Дрожащими от слабости руками я отпер входную дверь, ввалился в прихожую и застал странную картину. В коридоре и в зале по полу были разбросаны уличная обувь, домашние тапочки и мелкие предметы домашнего обихода. В углу валялся опрокинутый торшер, посередине прямо на ковре лежала ваза, вокруг которой были разбросаны искусственные цветы – Верке их буквально на днях доставили с курьером из какого-то дизайнерского магазина. Маленький кофейный столик каленого стекла был завален на диван, возле него – две кофейные чашки и пульт от телевизора. Крышка пульта была аккуратно снята, батарейки лежали там же.

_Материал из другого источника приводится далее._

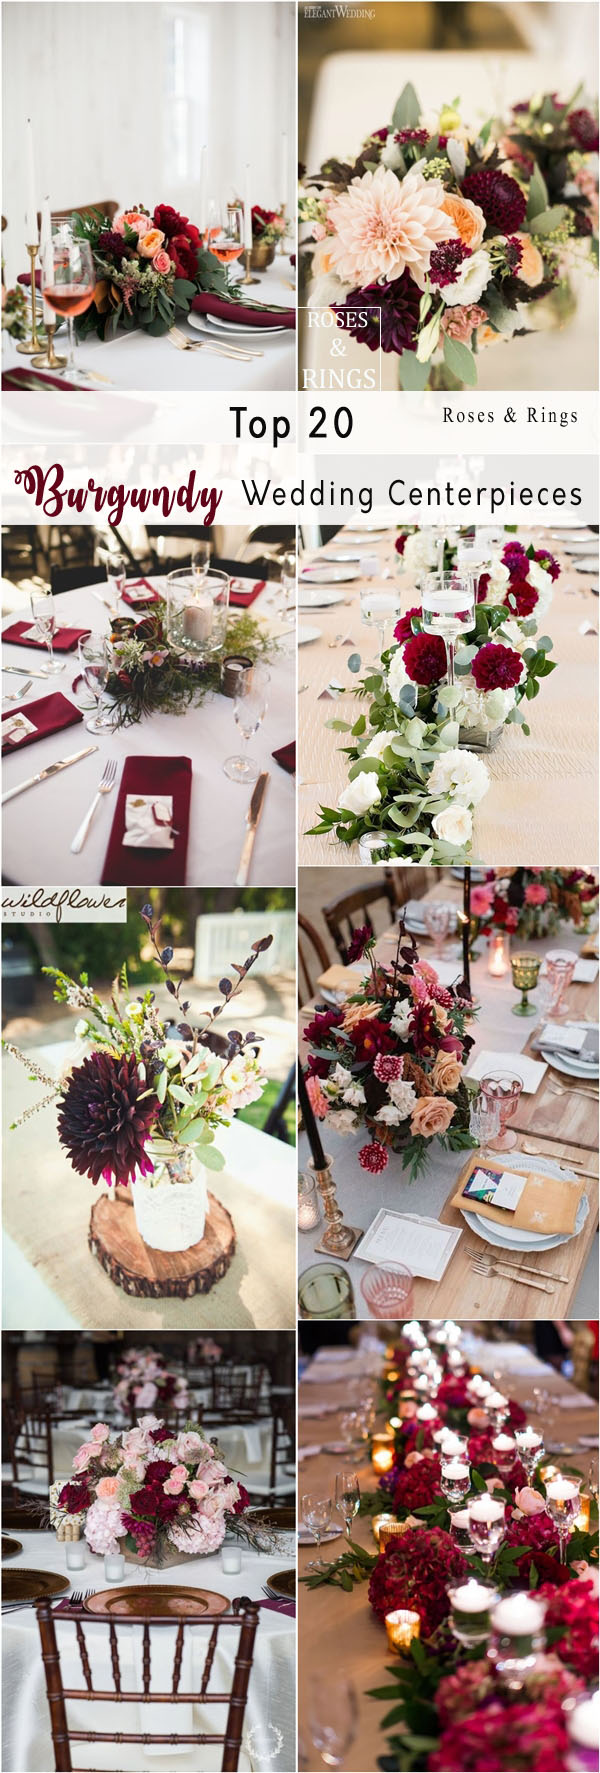 20 Burgundy Wedding Centerpieces | Roses & Rings

У меня по спине пробежал холодок. Я почти физически ощутил, как сжались мои надпочечники, выбрасывая в кровь порцию адреналина и одновременно с этим усиливая мою головную боль. Однако в таких случаях пользы от гормона стресса больше, чем вреда. Тошнота куда-то испарилась, зрение тут же вернуло себе ясность, в виске застучала венка. Я был готов практически ко всему. А самое главное, ко мне сейчас вернулась способность быстро и четко мыслить. И выводы, к которым я пришел, бегло осмотрев квартиру, мне ой как не понравились.

Не разуваясь, я сделал пару осторожных шагов вперед, держась за стену. Рукой я случайно задел ключницу – ключи, висящие на ней, весело звякнули в ответ. Сделав еще пару шагов вперед, я встал таким образом, чтобы видеть весь зал целиком.

Увиденная мной картина лишь укрепила меня в верности своих первоначальных выводов. За стеной валялось перевернутое инвалидное кресло, а позади него на маленьком диване полулежало, а точнее, полувисело тело моей младшей сестры. На ее шее красовалась импровизированная удавка из скрученного в жгут вафельного полотенца – где она его только откопала? Конец этого полотенца был связан с другим полотенцем, уже банным. Банное же полотенце, в свою очередь, было зажато большой встраиваемой кроватью.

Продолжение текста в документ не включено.